Excavators tearing down old interstate bridges, new ones going up and hundreds of gallons of new deck concrete being poured are some of the most dramatic — and visible — parts of the massive $148 million Ina Road-Interstate 10 interchange project.
But there’s also some interesting stuff going on behind — or perhaps more accurately, under — the scenes.
Beneath the old Ina bridge over the Santa Cruz River, which will be replaced by a pair of two-lane bridges, you can hear the high-pitched squeaks of the migratory Mexican free-tailed bat before getting a whiff of their roosts’ distinctive smell.
Though it’s the low season , Arizona Game and Fish bat ecologist Joel Diamond told the Road Runner that there’s an estimated 1,000 of the creatures packed tightly into the crevices. At high season, as many as 25,000 call the soon-to-be-destroyed structure home, while a nearby tunnel also hosts roughly 10,000 cave myotis bats.
So, where are the bats going to go when the place they’ve called a seasonal home for years comes tumbling down?
If things go according to plan, they’ll be moving right next door, into bat boxes installed under the new bridges. Game and Fish crews are sealing up the cracks every night after the bats head out to forage for the evening.
The low season was selected for that work to minimize what is no doubt a frustrating situation for the bats: Returning home after a long night’s hunt to find that, effectively, the locks have been changed on their homes.
However, the new homes should be to their liking.

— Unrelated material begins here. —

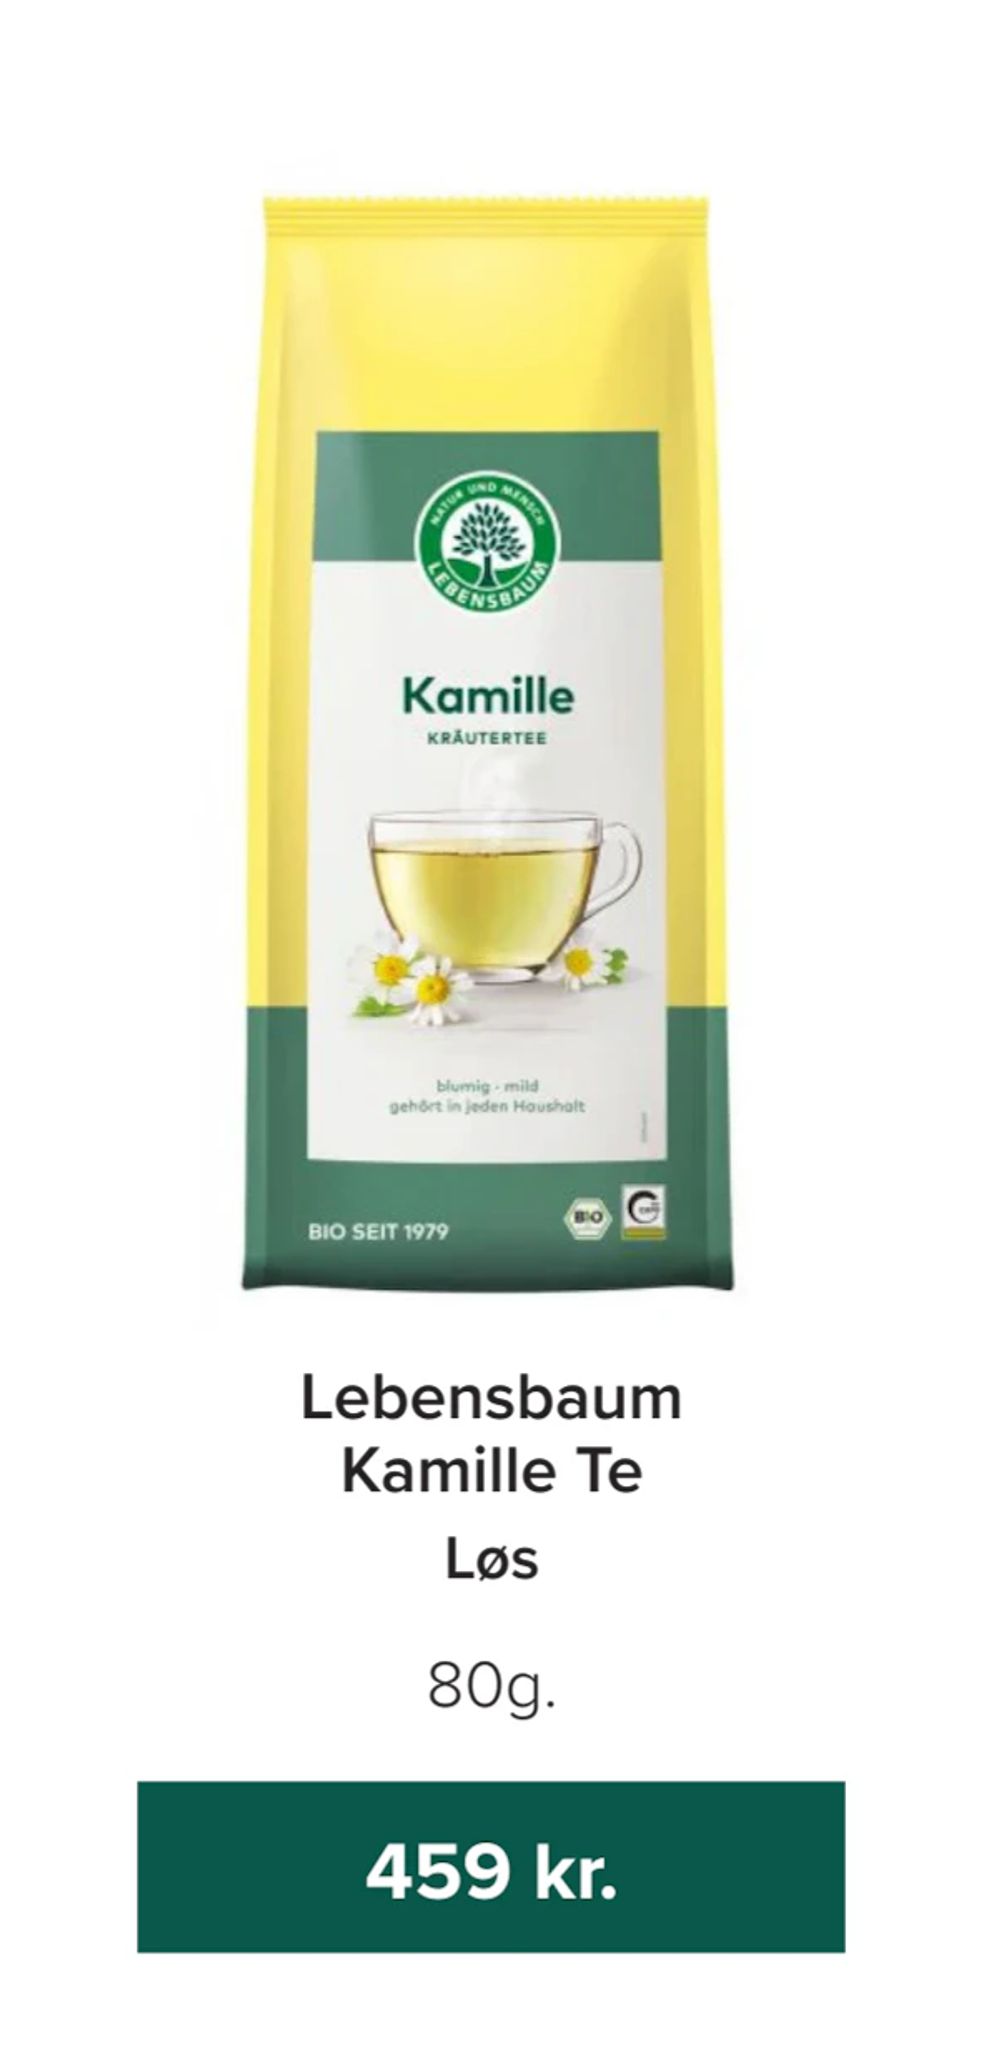 Tilbud på Lebensbaum Kamille Te fra Helsemin til 459 kr.

That’s because Diamond and his colleagues have been logging microclimate data from inside the current roosts in order to better mimic those conditions in the boxes under the new bridges.
The effort was further aided by what Diamond described as significant collaboration in the design phase between the bridge contractor — Psomas — and his office.

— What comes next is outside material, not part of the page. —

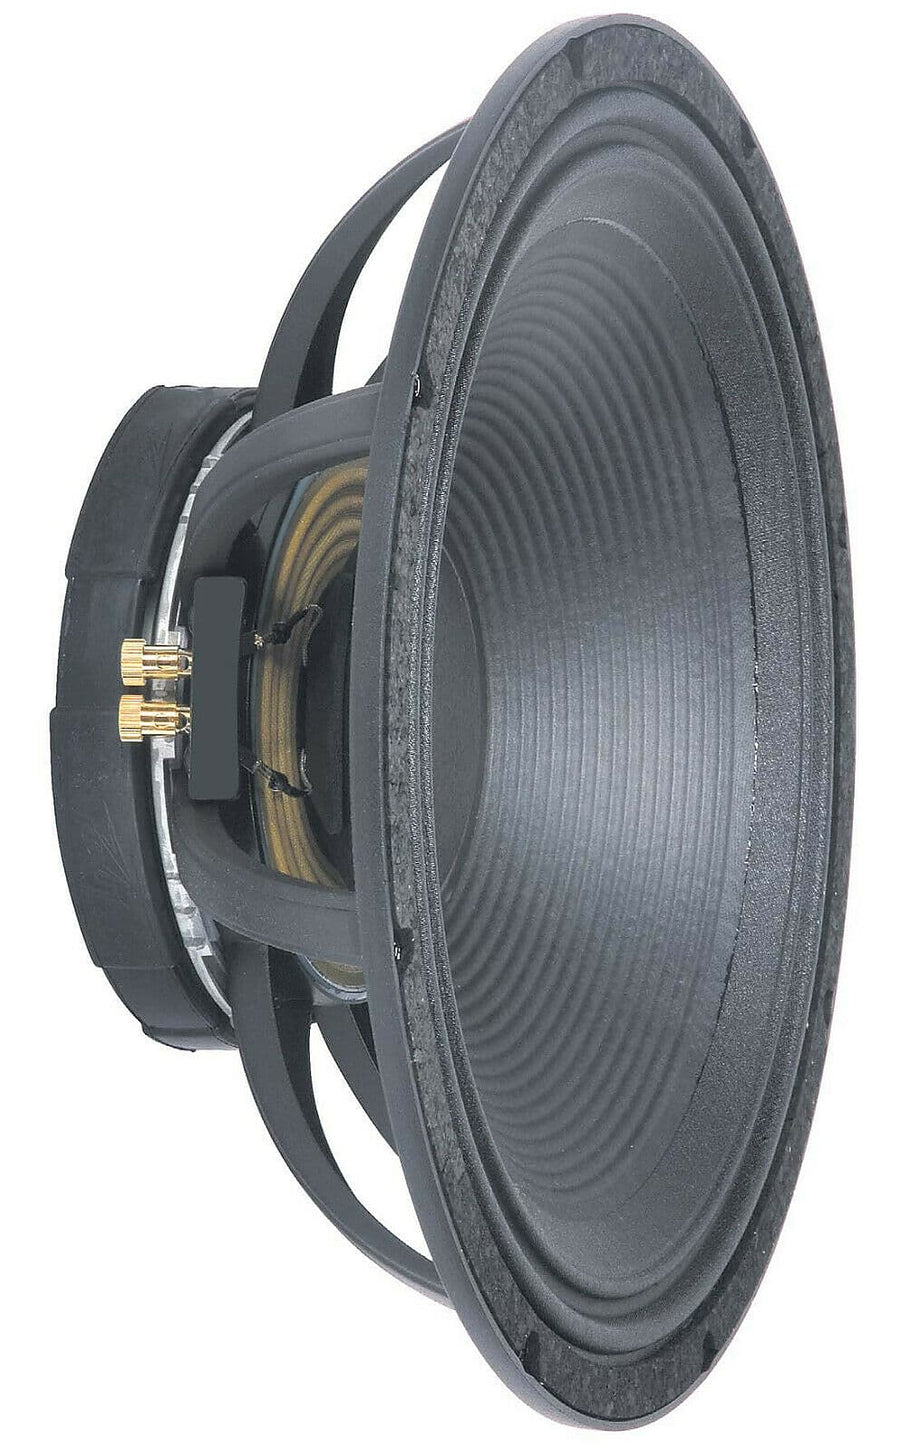 Peavey 15" Lo Max Complete Speaker 00560290

“Previous efforts have generally been the engineer comes in, designs the bridge, finishes the bridge and the biologist comes in as an afterthought,” he said. “With this bridge and ... the Houghton bridge, we came in on the front end.
“We’ve re-created the habitat as closely thermicly as we possibly can, given engineering constraints, and we’ll see what happens next year,” he added.
What the bats are looking for are the insulating properties of concrete, which can keep them cooler for longer in the summer and warmer for longer in the winter.
The Houghton boxes are already occupied, according to Diamond.
The seven on the Ina bridge will be monitored monthly over the next couple of years.
Kevin Thornton, Psomas’ senior project manager for the Ina interchange, said he’s “glad we were able to keep (the bats) there. I’m excited to see how it all turns out when they move over.
“There’s a lot of people who go to check out the bats,” he added.
Diamond pointed out that they also serve important ecological functions and keep the bug situation under control during the summer. Each of the bats can eat more than twice its body weight in bugs every evening, he said.
All the phases of the project, which include some bat boxes at the Cortaro Road bridge, were expected to cost about $80,000, according to a 2015 project document.